PROBLEM REQUIREMENTS: Search the listing below for the line with "Voller Körpereinsatz auf", then write out that line and every one after it exactly, without the pictures.

AVAILABLE DATA:
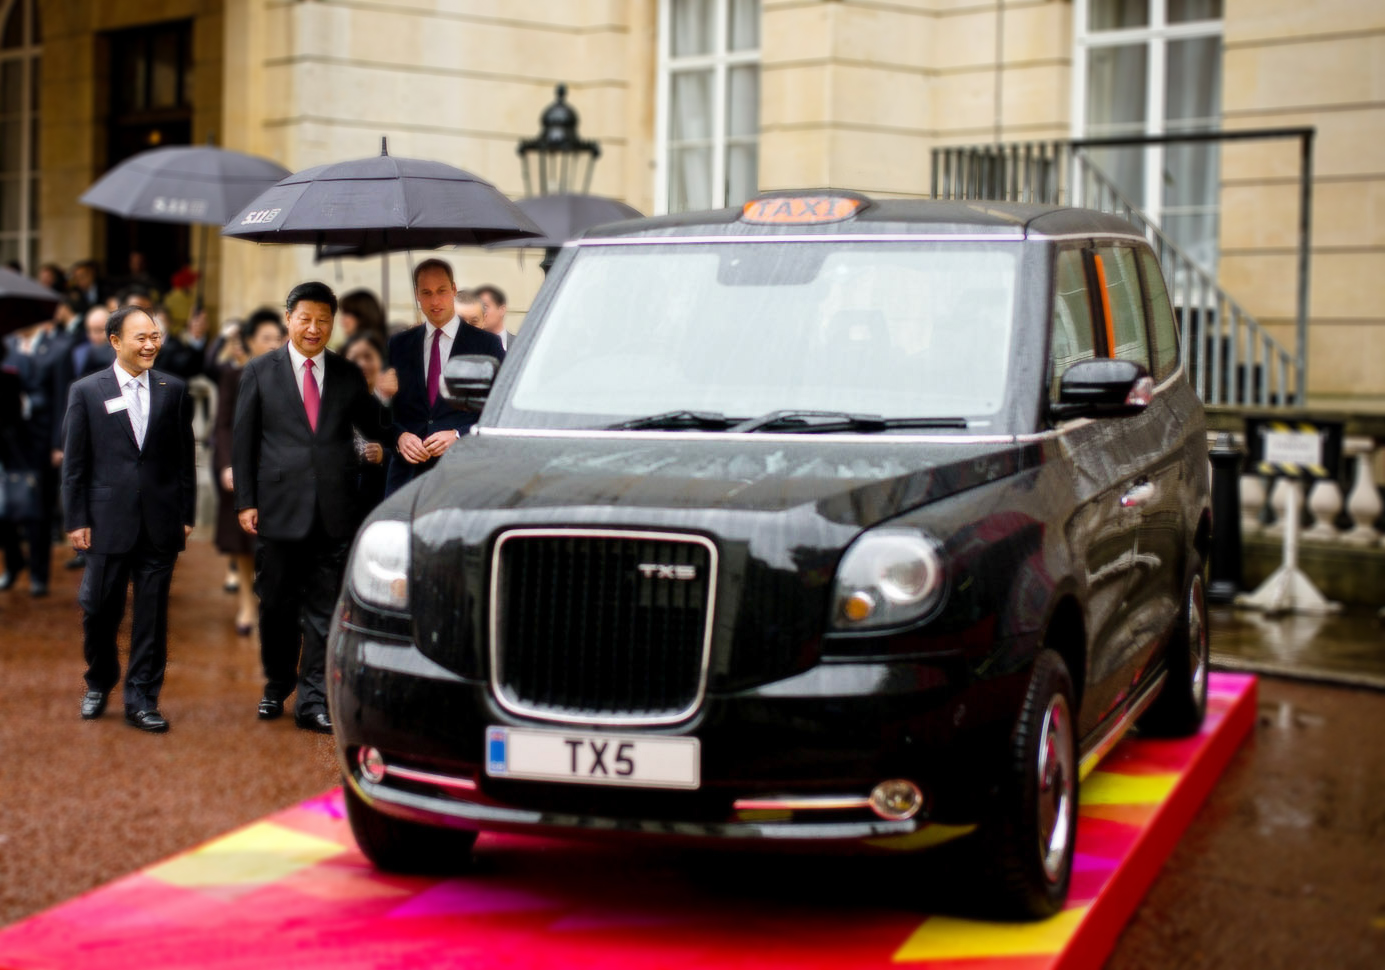 习近平主席访问英国期间参观全新一代具有零排放能力的伦敦出租车TX5
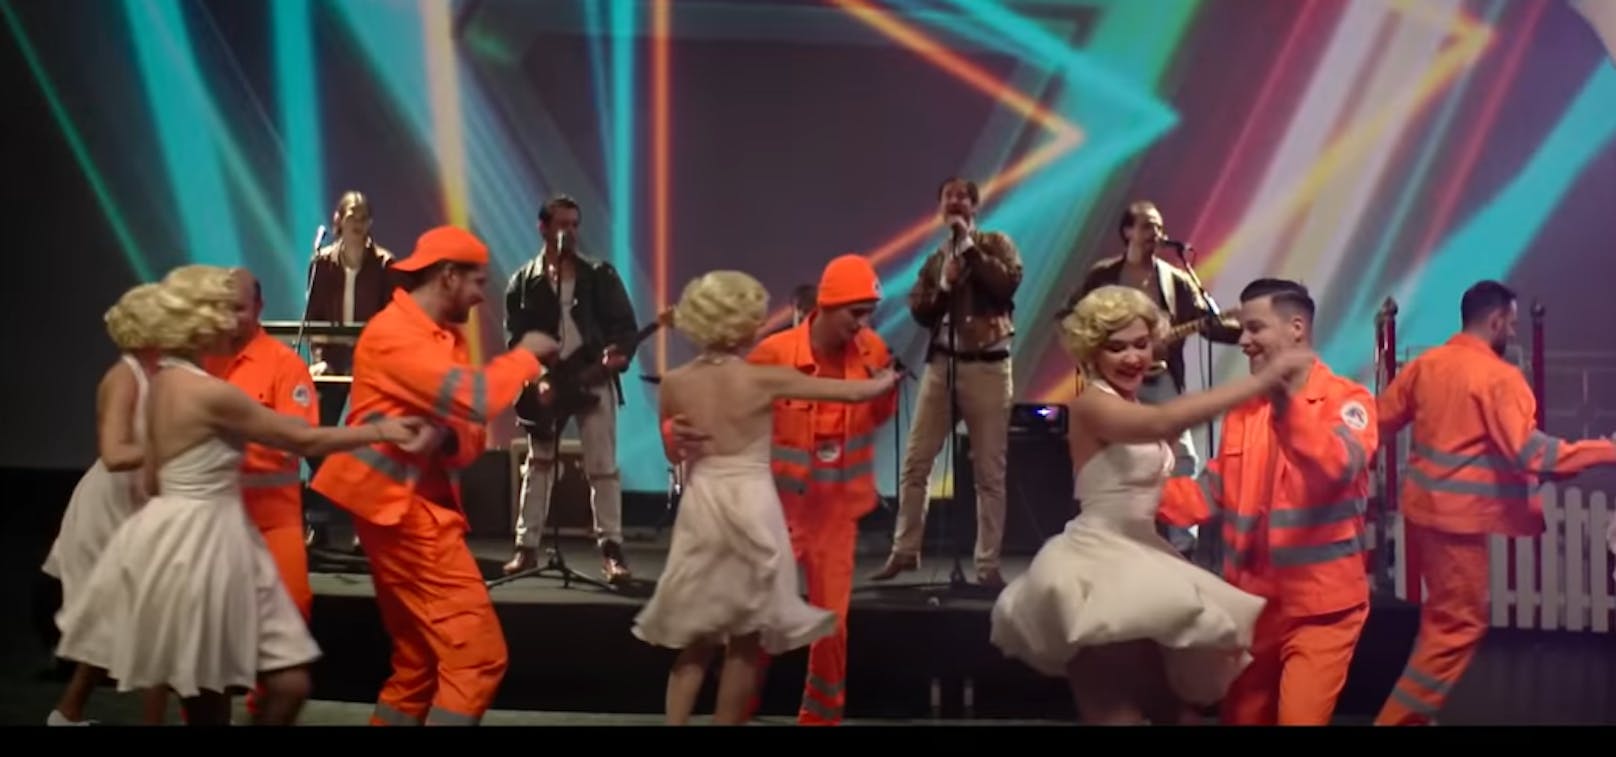 Voller Körpereinsatz auf der Bühne. Die Wanda-Tänzer sind im Video im MA48-orange zu sehen.
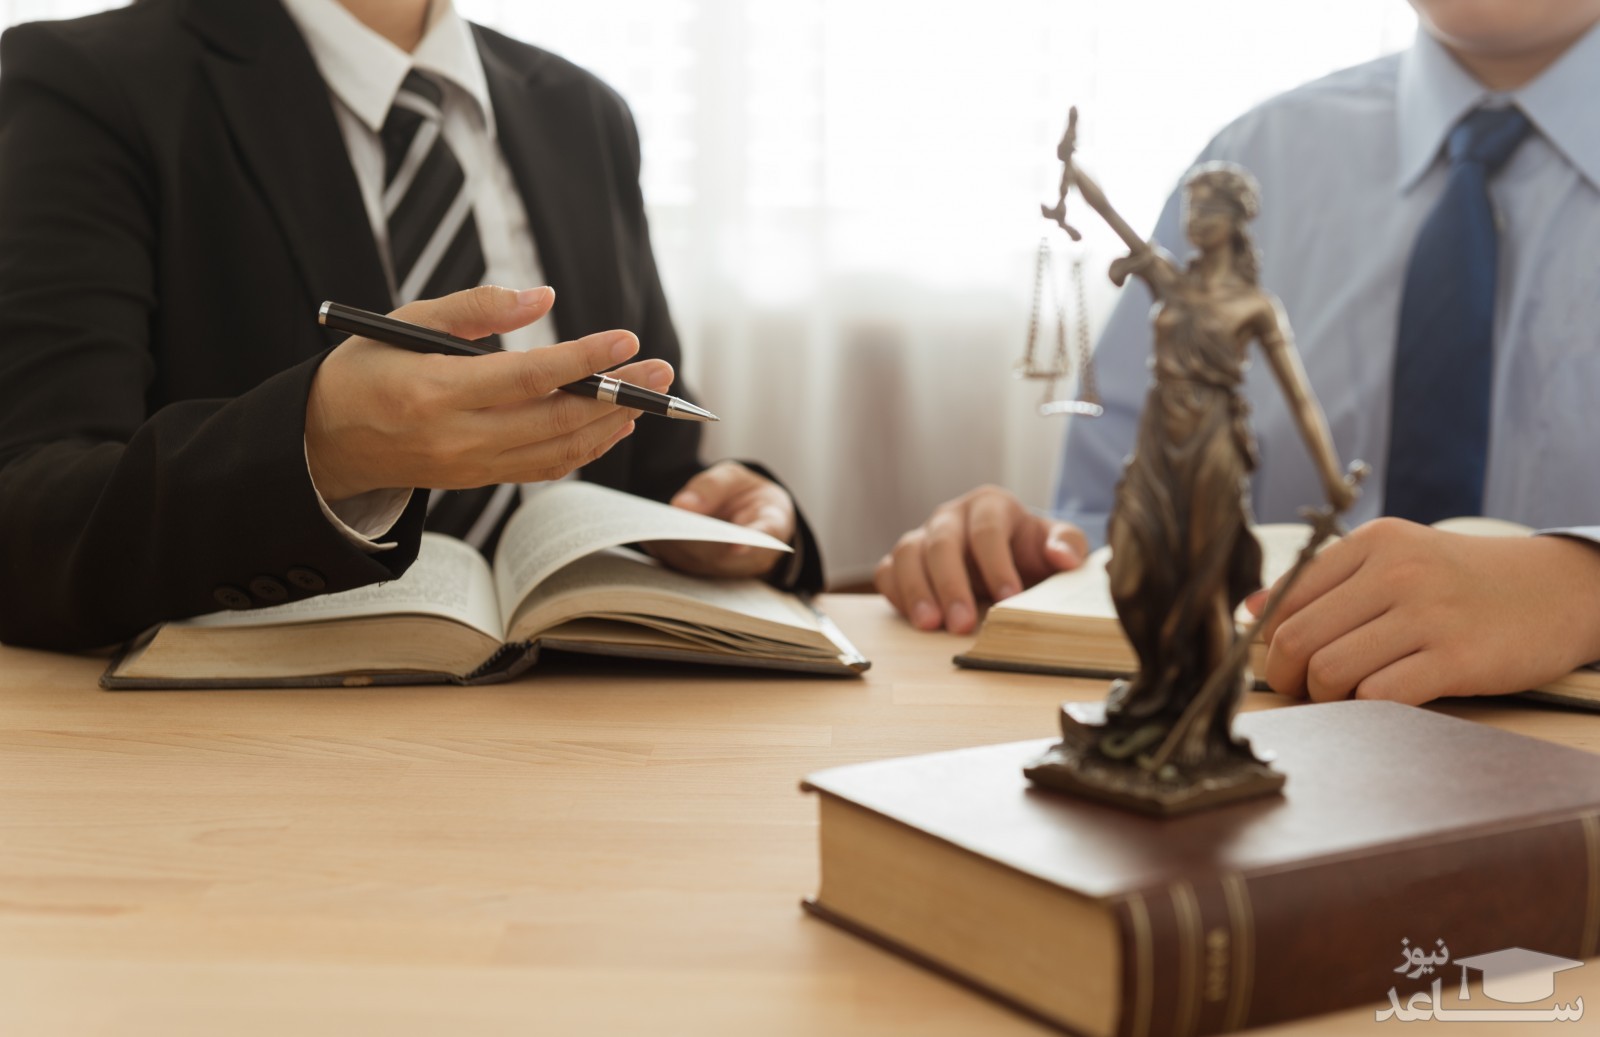 مشاور حقوقی کیست و چه وظایفی دارد؟
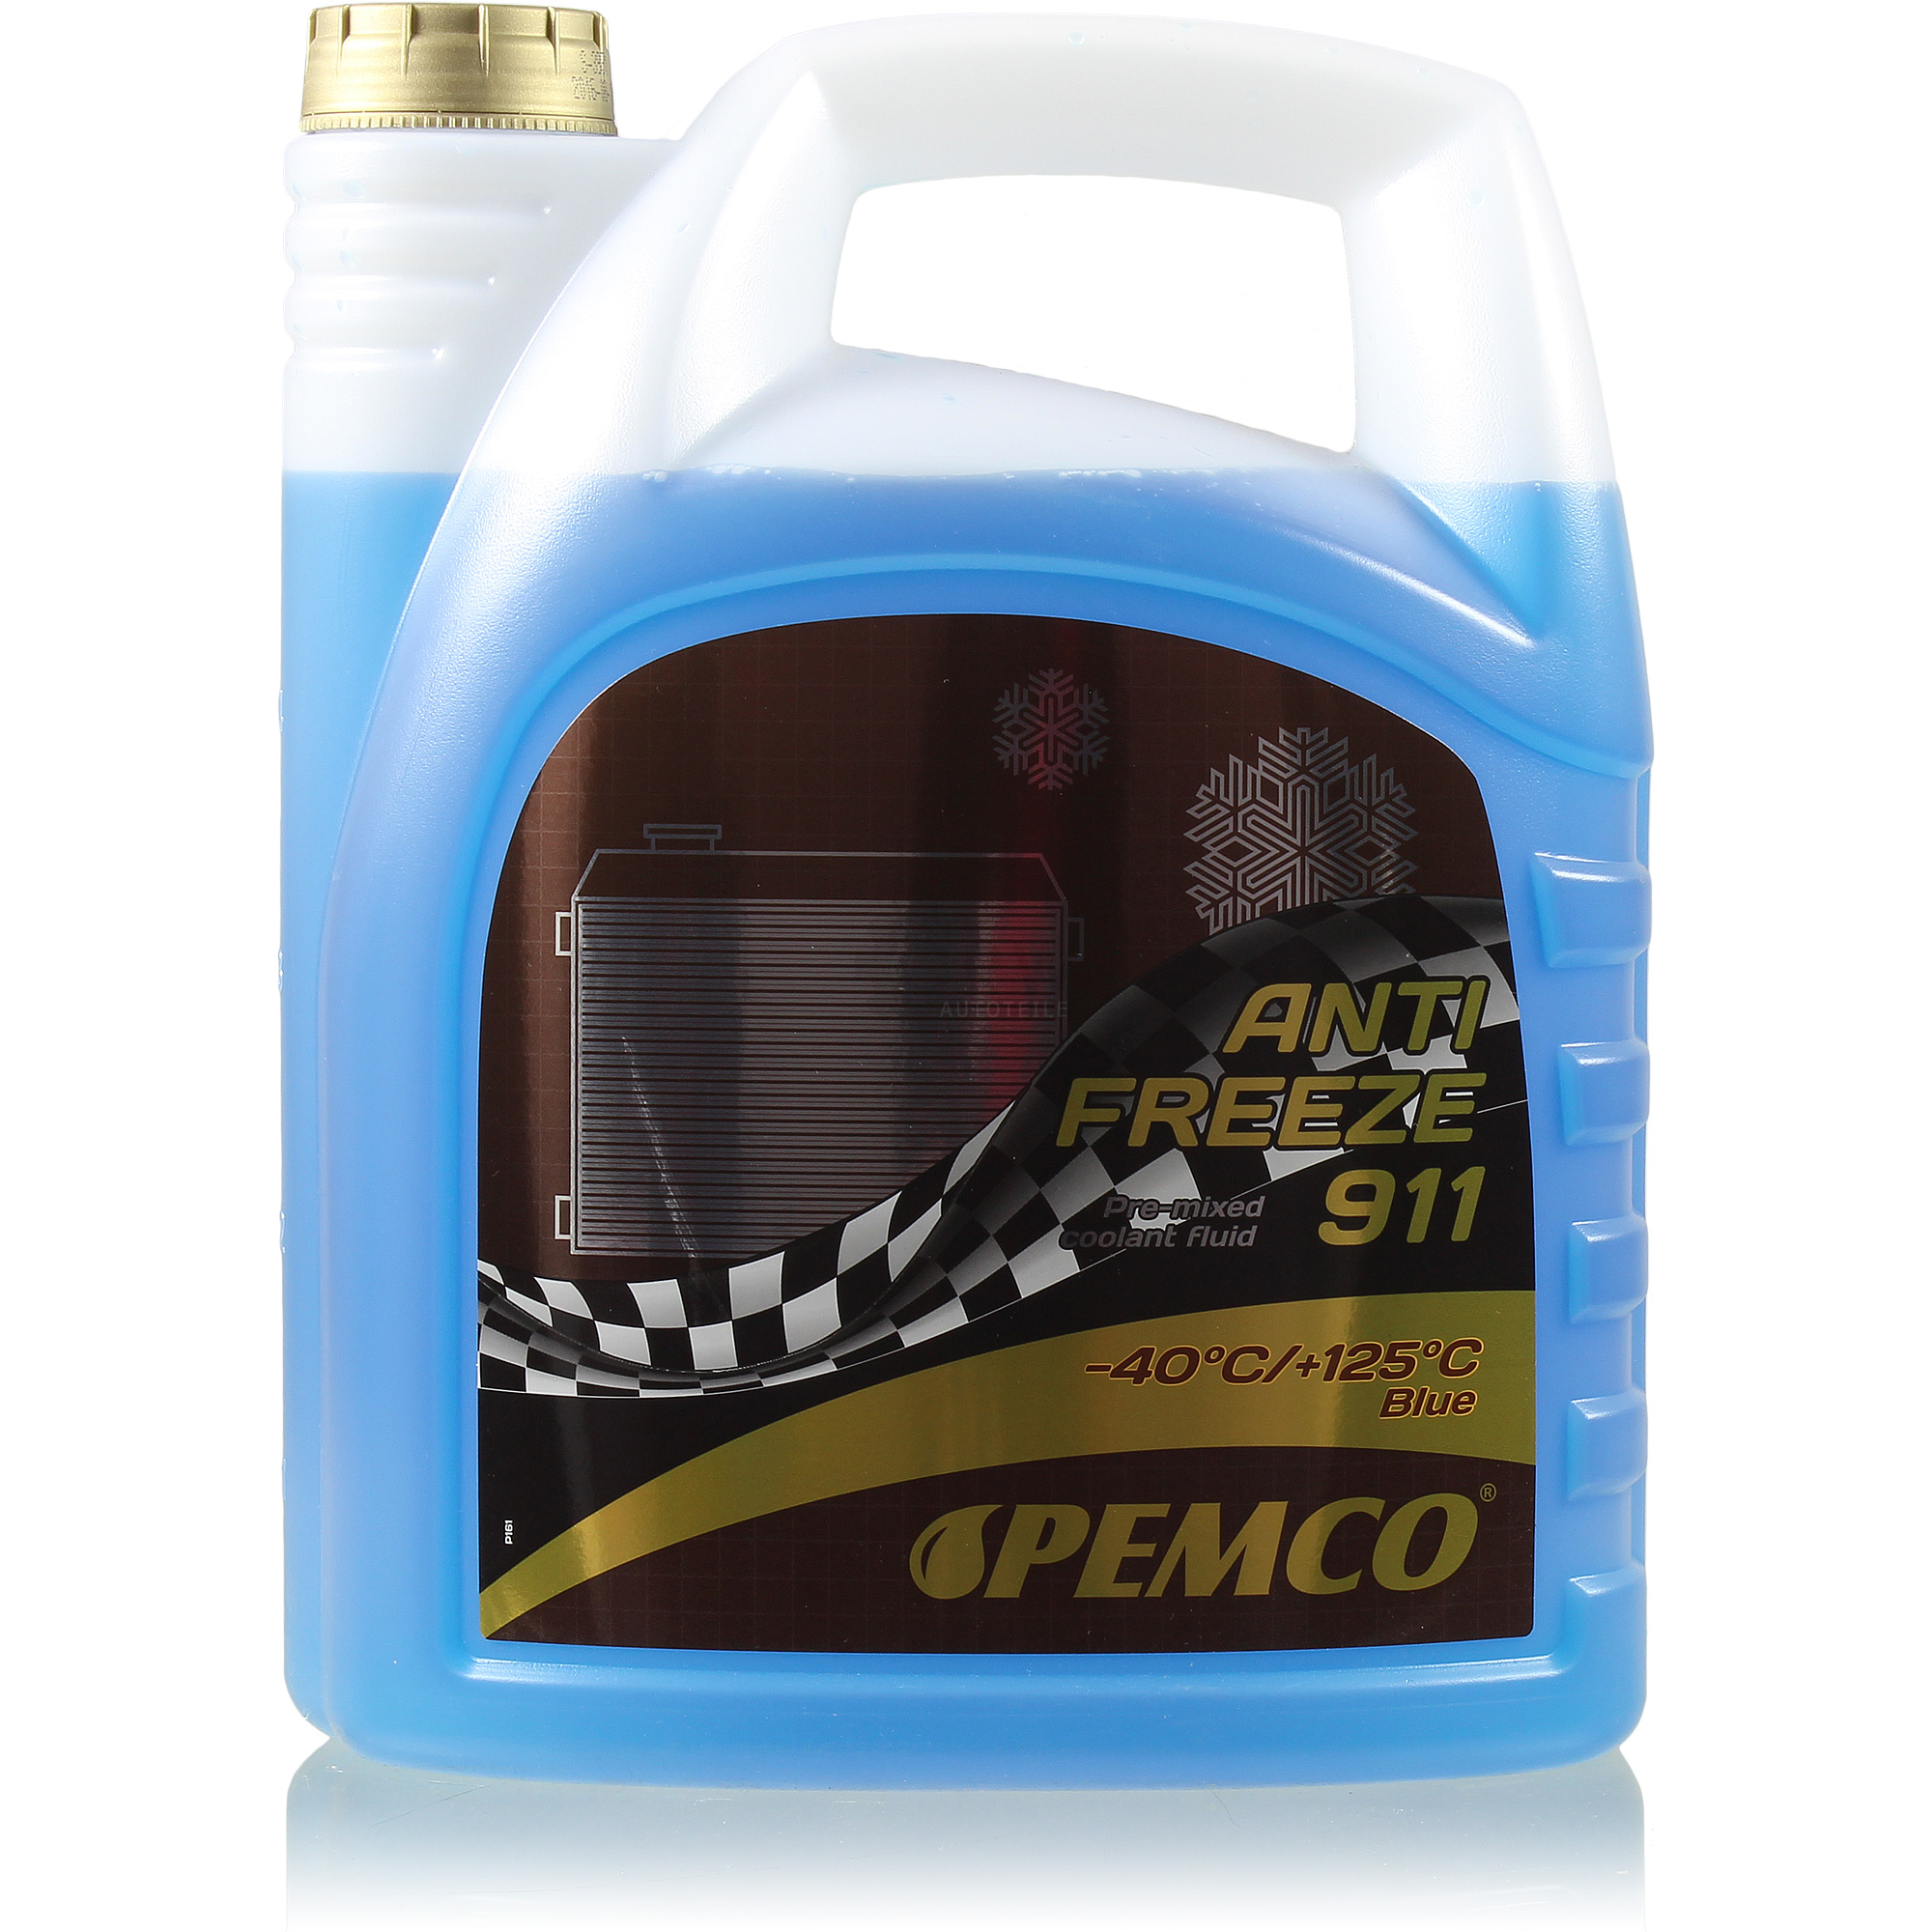 5 Liter PEMCO Antifreeze 911 Kühlerfrostschutz blau Fertiggemisch Typ G11

WRITTEN ANSWER:
 Voller Körpereinsatz auf der Bühne. Die Wanda-Tänzer sind im Video im MA48-orange zu sehen.
 مشاور حقوقی کیست و چه وظایفی دارد؟
 5 Liter PEMCO Antifreeze 911 Kühlerfrostschutz blau Fertiggemisch Typ G11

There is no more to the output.